Email is such a funny thing. People hand you these single little messages that are no heavier than a river pebble. But it doesn't take long until you have acquired a pile of pebbles that's taller than you and heavier than you could ever hope to move, even if you wanted to do it over a few dozen trips. But for the person who took the time to hand you their pebble, it seems outrageous that you can't handle that one tiny thing.

Trying to talk somebody out of the stuff that they enjoy in life is like trying to talk them out of their faith or their sexuality. It’s a pointless exercise that can never be anything but acrimonious and will only highlight unnecessary amounts of difference about things that ultimately don’t really matter. Buy the steak you like, worship the god you love, neck with the people that you treasure and don’t worry about the numbers.
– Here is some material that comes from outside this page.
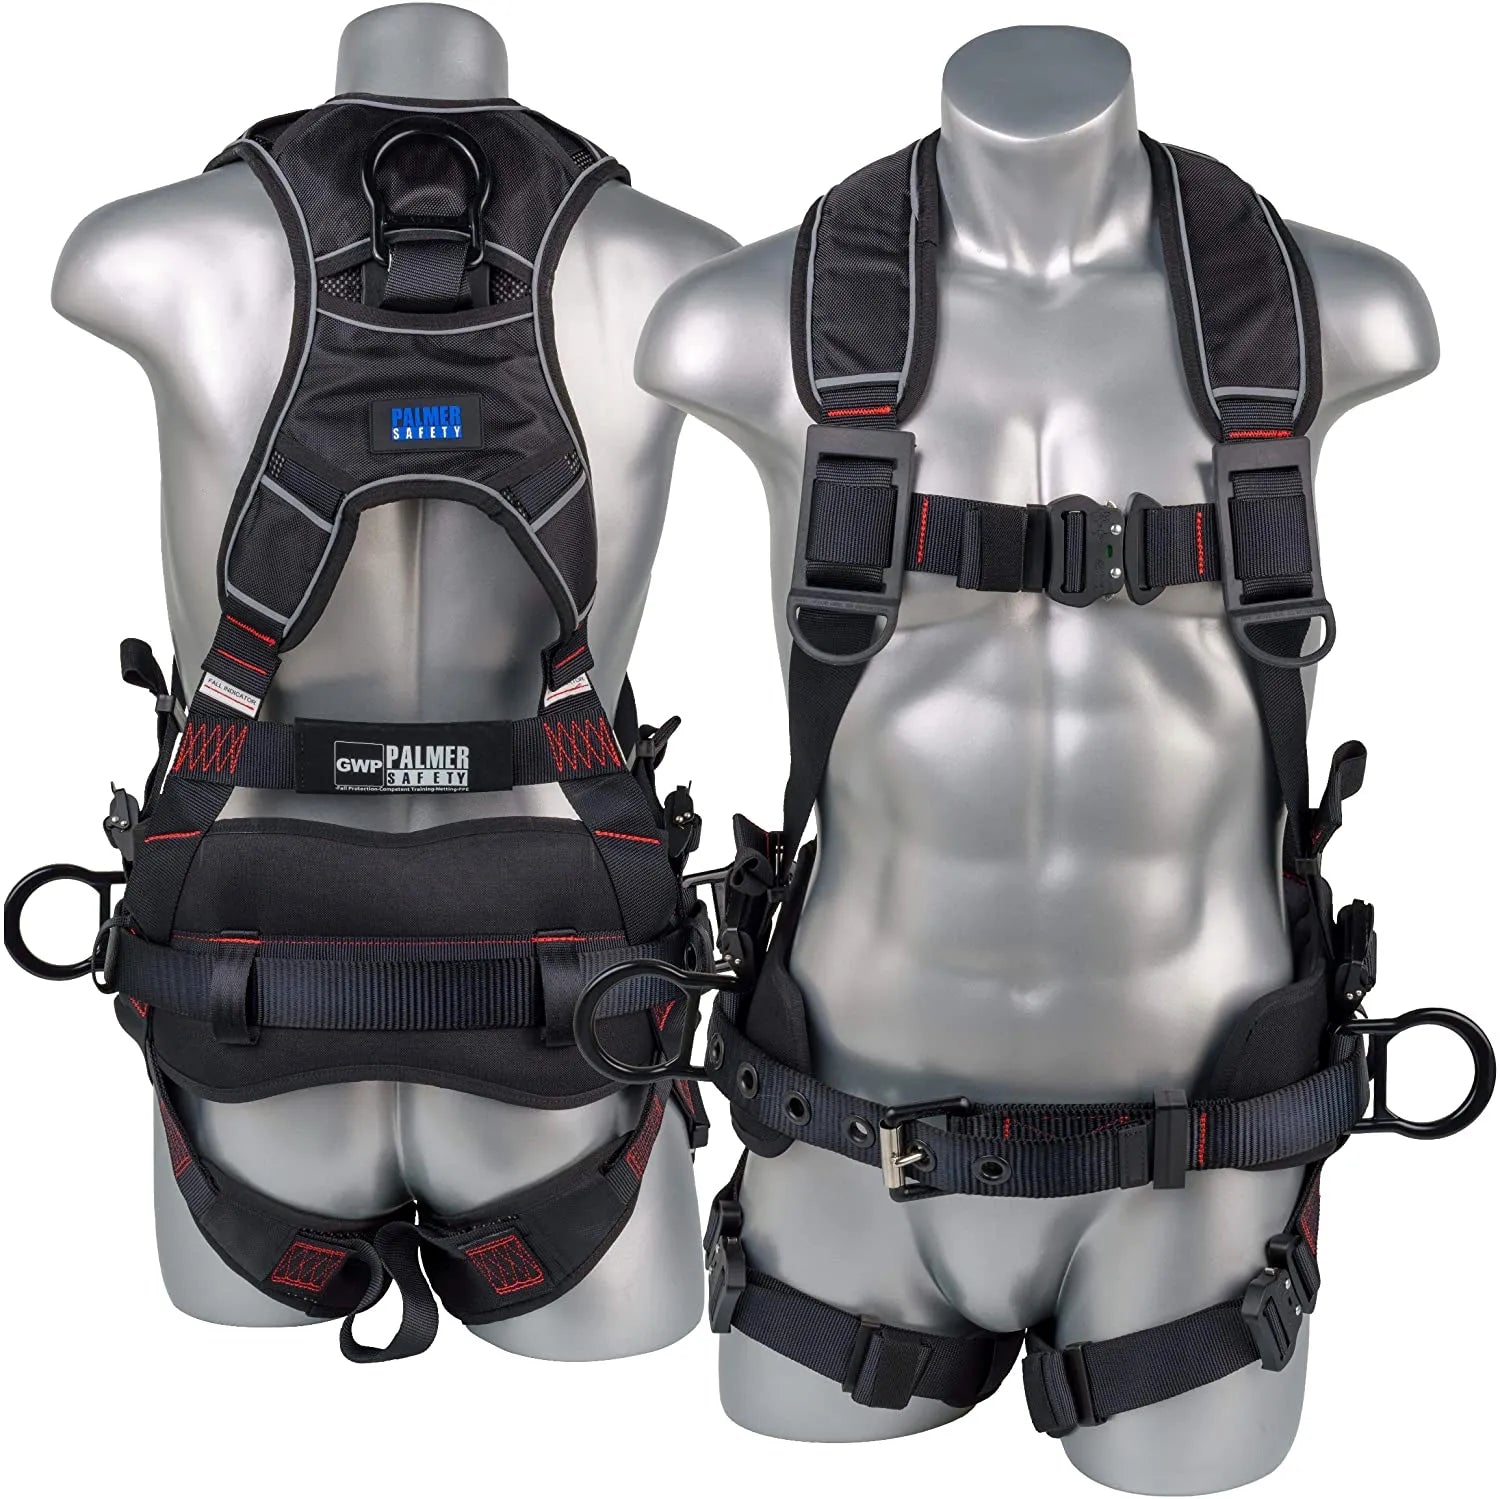 Construction Safety Harness 5 Point, QCB, Padded Back, Grommet Legs - Defender Safety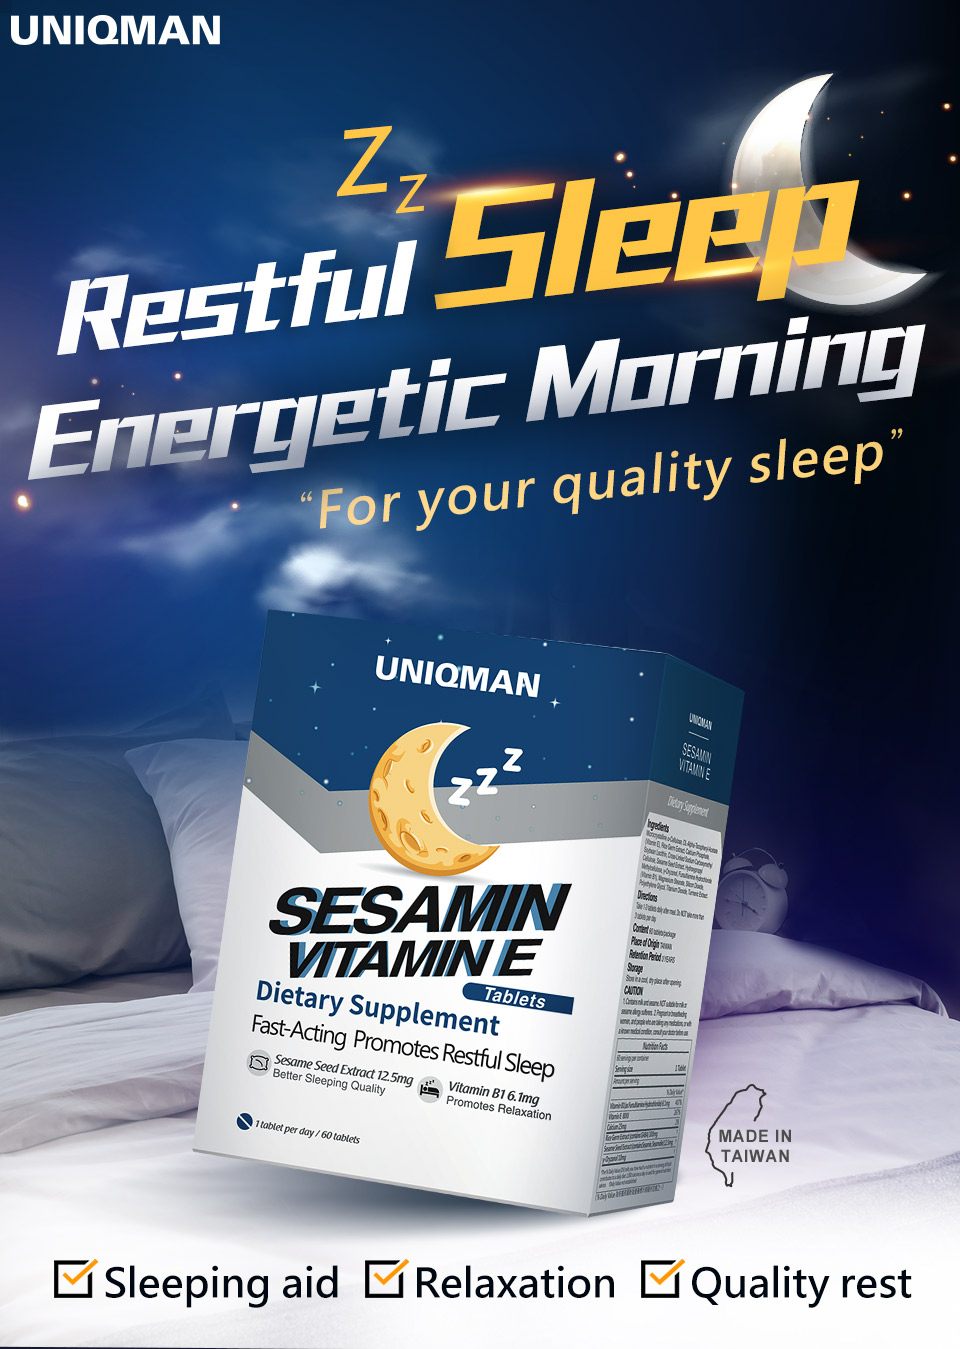 UNIQMAN Sesamin with Vitamin E helps you fall asleep faster and deal with insomnia

Before you sweat the logistics of focus: first, care. Care intensely.... Obsessing over the slipperiness of focus, bemoaning the volume of those devil "distractions," and constantly reassessing which shiny new "system" might make your life suddenly seem more sensible - these are all terrifically useful warning flares that you may be suffering from a deeper, more fundamental problem.... Know in your heart that what you're making or doing matters... First, care. Then, as you'll happily and unavoidably discover, all that "focus" business has a peculiar way of taking care of itself.

You're gonna die. You're gonna die. And nobody's gonna care which version of the iPhone you used to make something on Twitter, or to go and post about your bowel movement on Facebook. And I'm not even talking about legacy; I'm talking about the fact that I personally feel most alive when I'm making something, and I feel least alive when I'm being led around by some obnoxious use of my attention that I wasn't aware of. To me, that's the thing. You can buy the jogging shoes and you can buy the Runner's World, but until you put them on and walk out the door every day, you're just a fat man.